Dan memang demikan, bahwa ada orang yang sungguh-sungguh menghayati agamanya
dengan salah – maksudnya penghayatan agama yang salah. Kedengarannya
memang aneh, namun inilah yang
terjadi. “Kita mengangkat fenomena ini
hanya sebagai permenungan saja”.
Dalam hal
ini, dibutuhkan kebijaksanaan dan juga kerendahan hati untuk tidak menelan suatu ajaran secara
mentah-mentah sekalipun itu berlabel agama [Jangan Mak Sut, Mak Nyut]. Setiap
orang harus selalu belajar untuk menggali serta menemukan inti kebenaran dari
suatu ajaran [Salah satu ajaran Tuhan
Yesus]. Bagaimana cara kita menemukannya?
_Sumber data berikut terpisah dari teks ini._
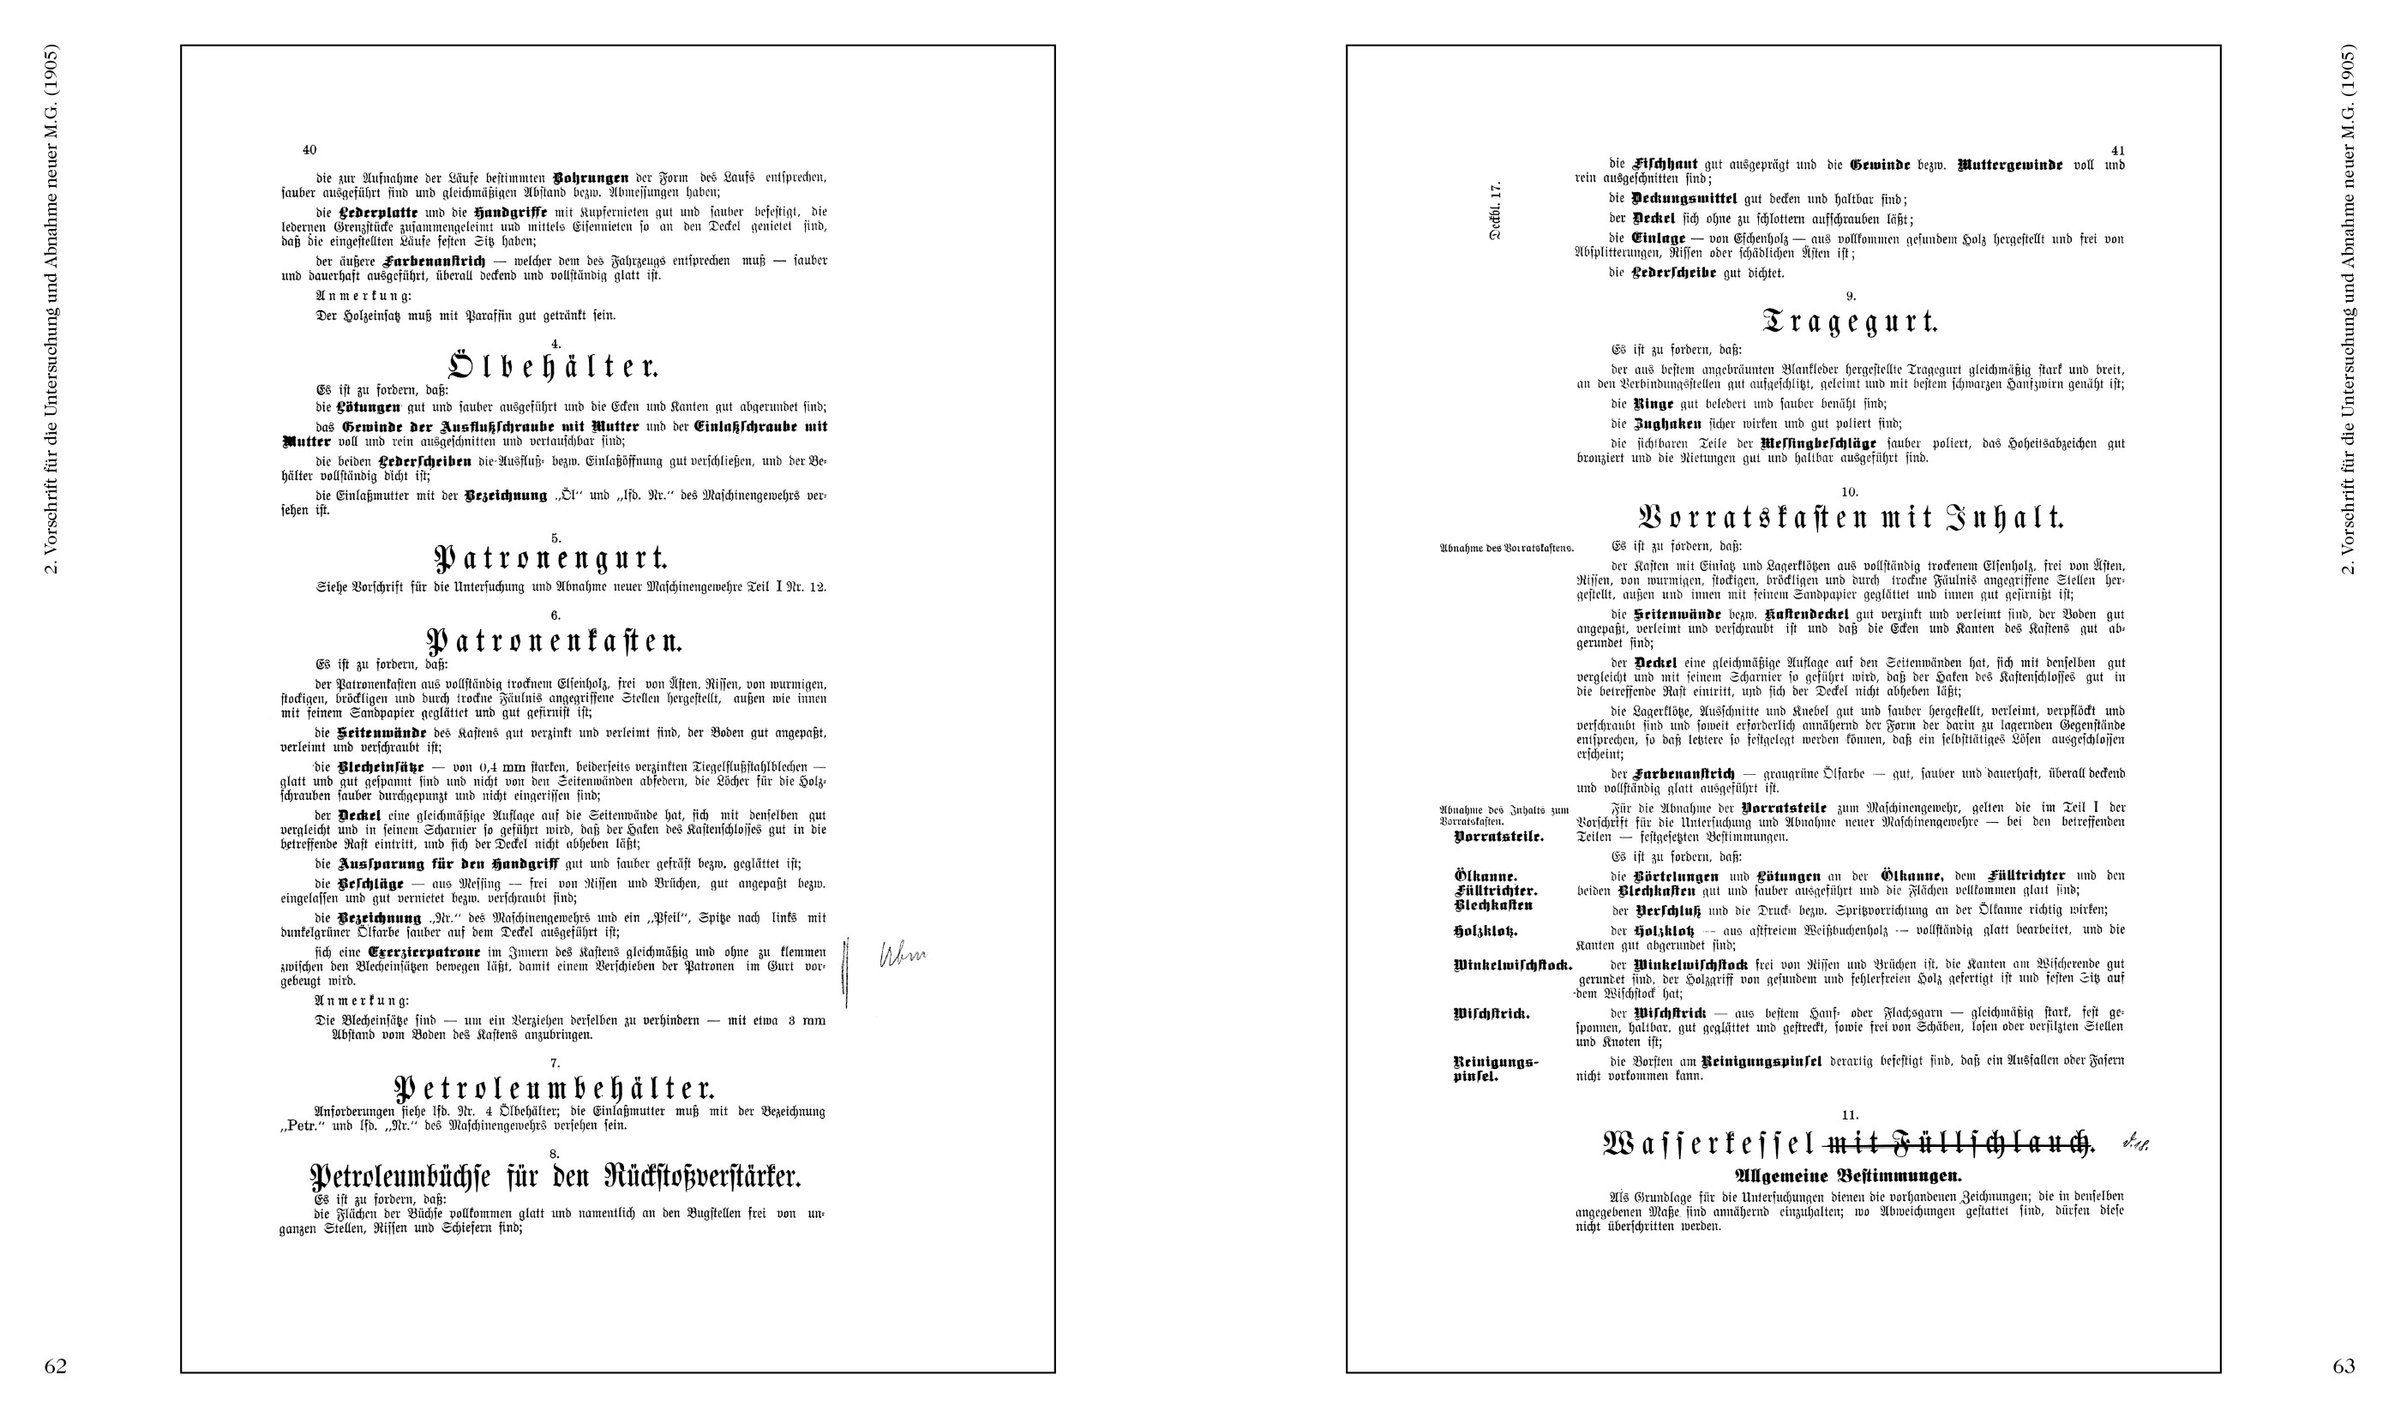 Buchholz/Brüggen Vorschriften für deutsche Maschinengewehre

Dengan “4 Tes Kebenaran”. Yaitu : Kebenaran dari kacamata Tuhan [Injil], Kebenaran menurut ilmu
pengetahuan, Kebenaran menurut banyak orang, dan Kebenaran menurut diri kita
sendiri [Hati Nurani]. Kita di sini
telah diberi oleh Tuhan karunia yang begitu besar (bahkan yang memiliki rahmat itu hanyalah manusia), yakni
Akal Budi untuk berpikir.
Tuhan Yesus
memberikan pesan peringatan pada murid-Nya, “Jika hidup keagamaanmu tidak
lebih besar daripada hidup keagamaan ahli-ahli Taurat dan orang-orang Farisi,
sesungguhnya kamu tidak akan masuk Kerajaan Surga”. Tuhan Yesus melihat
praktek keagamaan yang dilakukan olah ahli-ahli Taurat dan orang-orang Farisi
tidak benar. Mereka,
menurut Tuhan Yesus adalah orang-orang ‘beragama’ yang mengahayati
ajaran agamanya dengan kurang cerdas dan jujur, sehingga penuh kebohongan.
Menurut Tuhan Yesus, orang-orang seperti itulah yang membuat kekacauan dan
beban bagi orang-orang kecil pada jaman itu. Jadi tidak salah kalau Tuhan Yesus
mengkritik mereka sebagai orang yang munafik.
Dari
dulu hingga sekarang pun, orang-orang yang mempraktikkan kehidupan agamanya
seperti itu masih ada. Jangan salah paham dahulu, bisa saja orang-orang seperti itu termasuk diri kita sendiri. Bisa
jadi juga orang-orang lain di sekitar kita yang malah jatuh pada penghayatan
yang salah itu.“Sekali lagi saya mengatakan, bahwa kita
mengangkat fenomena ini hanya sebagai permenungan saja”.
Orang-orang
yang seperti ini itu cenderung fanatik,
munafik, keras terhadap orang lain yang tidak sejalan dengan dia – namun lembek terhadap dirinya sendiri. Saya
yakin, di sini semua sudah banyak yang tahu tentang cerita-cerita bermasalah
yang mengatasnamakan agama. Seperti kerusuhan di Sampang. Perusakan rumah-rumah di Ahmadiyah, pengerusakan rumah
ibadat, bahkan sampai pengeboman gereja. Razia-razia dengan kekerasan pada tempat yang berbau
maksiat, atau pun tempat-tempat penjualan minuman keras dan lain sebagainya.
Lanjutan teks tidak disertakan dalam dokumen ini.